Le 19 septembre 2011, Aliko Dangote et l’Etat du Cameroun signent une convention par laquelle le milliardaire nigérian s’engage pour la création d’une cimenterie à Douala, d’une capacité de 1,5 million tonnes de ciment par an. « La société présente des résultats bien au-delà des attentes avec plus de 300 personnes employées, plus de 90 milliards F. Cfa d’investissements et la saturation de production dès la première année », a relevé Philémon Yang, le Premier ministre, lors de la cérémonie d’inauguration de Dangote Cement Cameroon, le 27 août 2015 à Douala. Le promoteur de Dangote Cement Cameroon annonce quant à lui une deuxième phase du projet qui permettra de porter la capacité de production à trois millions de tonnes.

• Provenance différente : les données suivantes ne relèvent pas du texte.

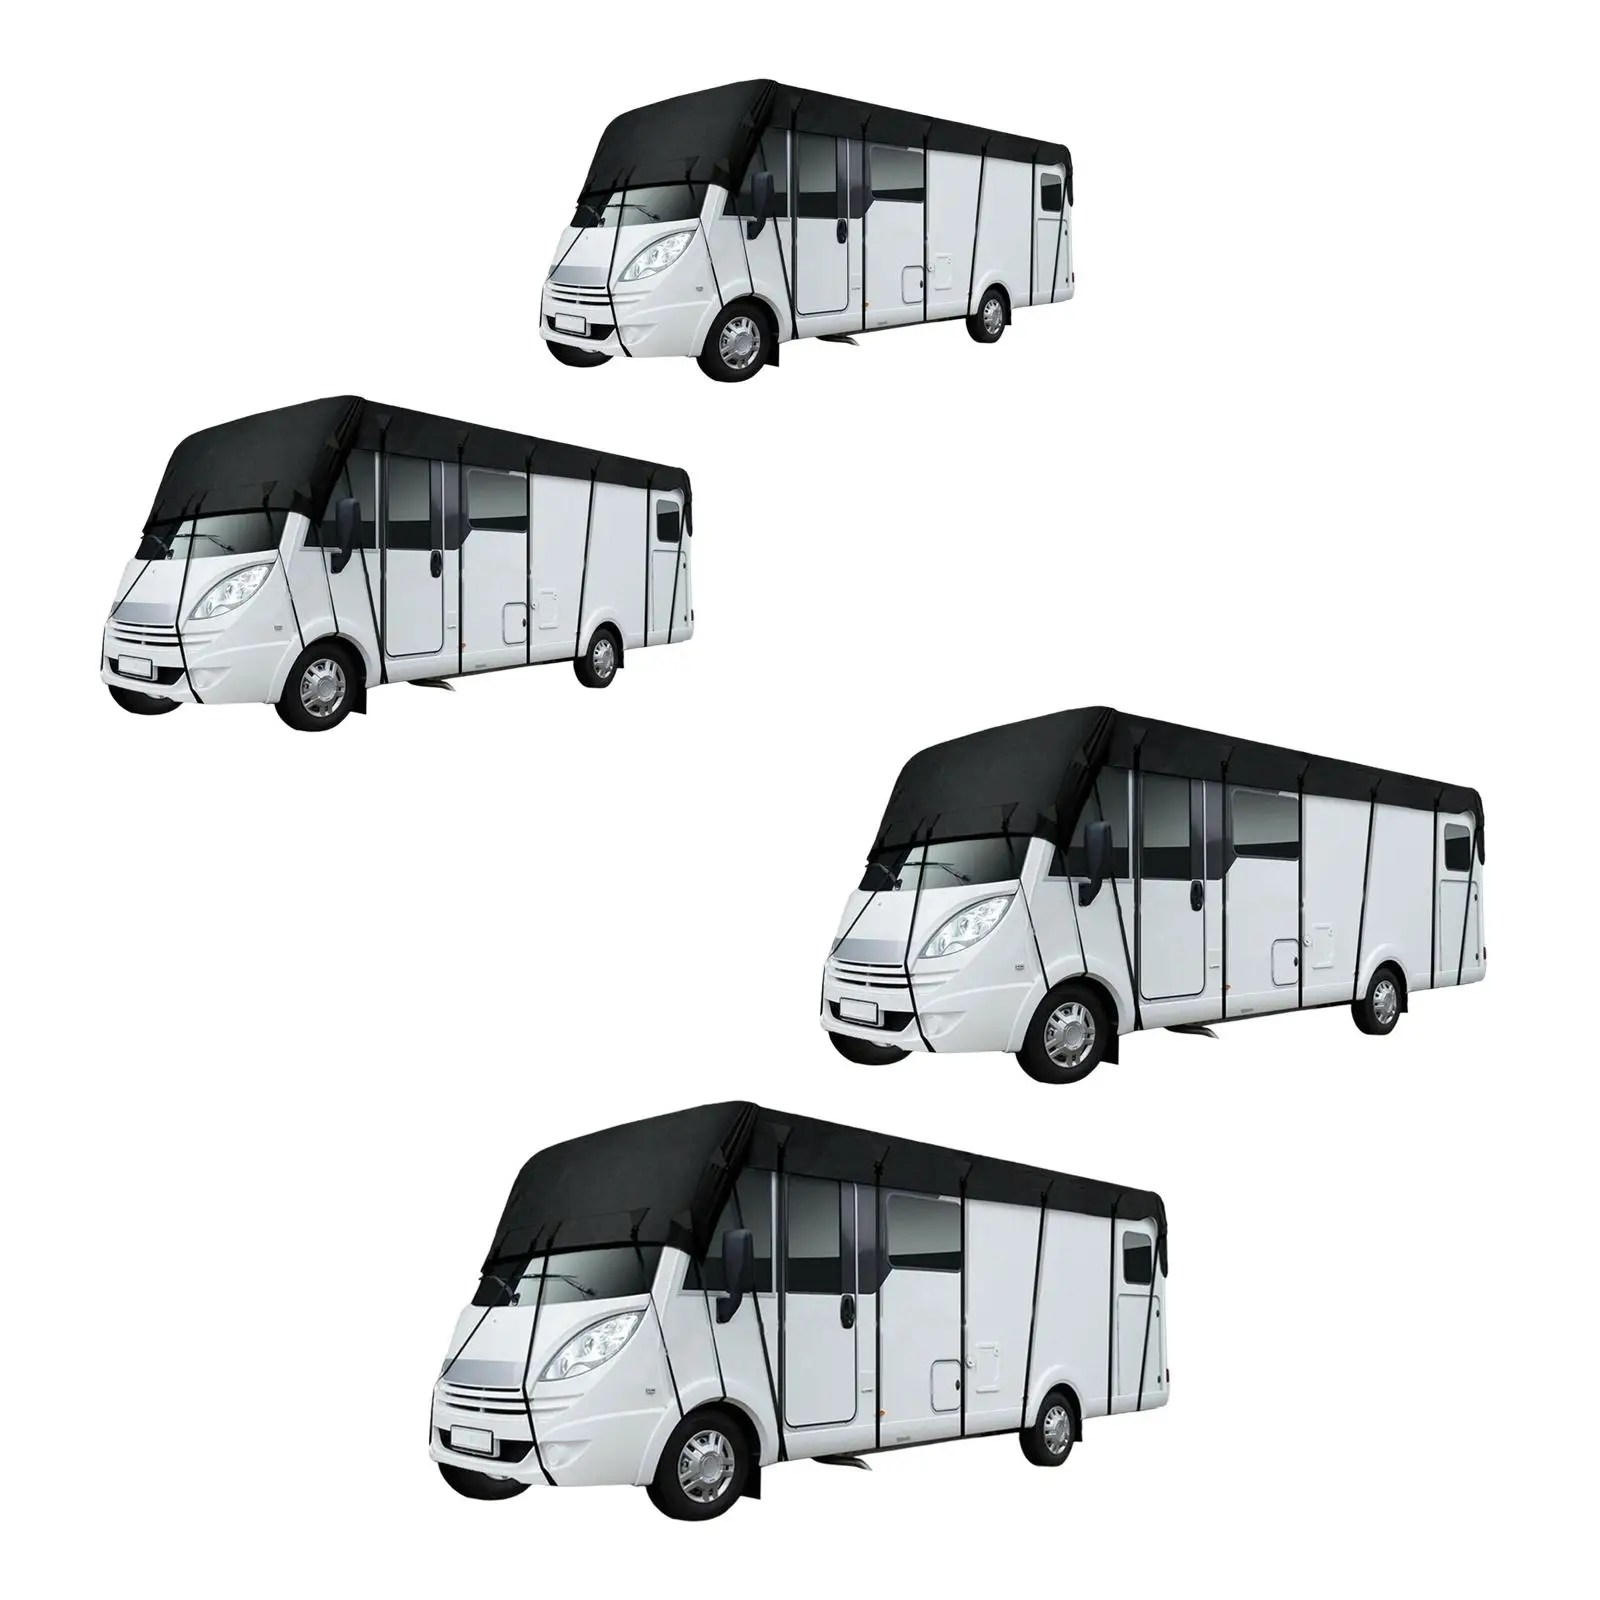 Upgraded RV Caravan Roof Cover Dustproof Wear Resistant for Outdoor Travel Caravan

« Avec cette deuxième phase, Dangote Cement Cameroon deviendra la plus grande cimenterie du Cameroun. Le Cameroun pourra alors exporter du ciment en zone Cemac », a expliqué Aliko Dangote. La mise en route en février 2014 de Ciments d’Afrique (Cimaf), fruit de la coopération économique entre le Cameroun et le Maroc, pour une capacité de production de 500 000 tonnes, a porté la production annuelle de ciment au Cameroun à 3,5 millions de tonnes par an.

Une production qui pourrait être revue, si les promesses de Dangote venaient à se réaliser, à 5 millions de tonnes. Selon Ernest Gbwaboubou, ministre des Mines, de l’Industrie et du Développement technologique, reprenant le Président du conseil d’administration (Pca) du Groupe Cimaf/Addoha, « la nouvelle usine permettra d’endiguer les nombreuses ruptures de fournitures de ciments constatées sur le marché camerounais, de mettre fin à la spéculation autour du prix du ciment et de garantir une constante dans la qualité de ce produit ».

Si l’autorité administrative plaide pour la fin des spéculations, les consommateurs quant à eux ne comprennent toujours pas pourquoi le prix du ciment n’a connu aucune baisse dans les quincailleries, malgré la concurrence.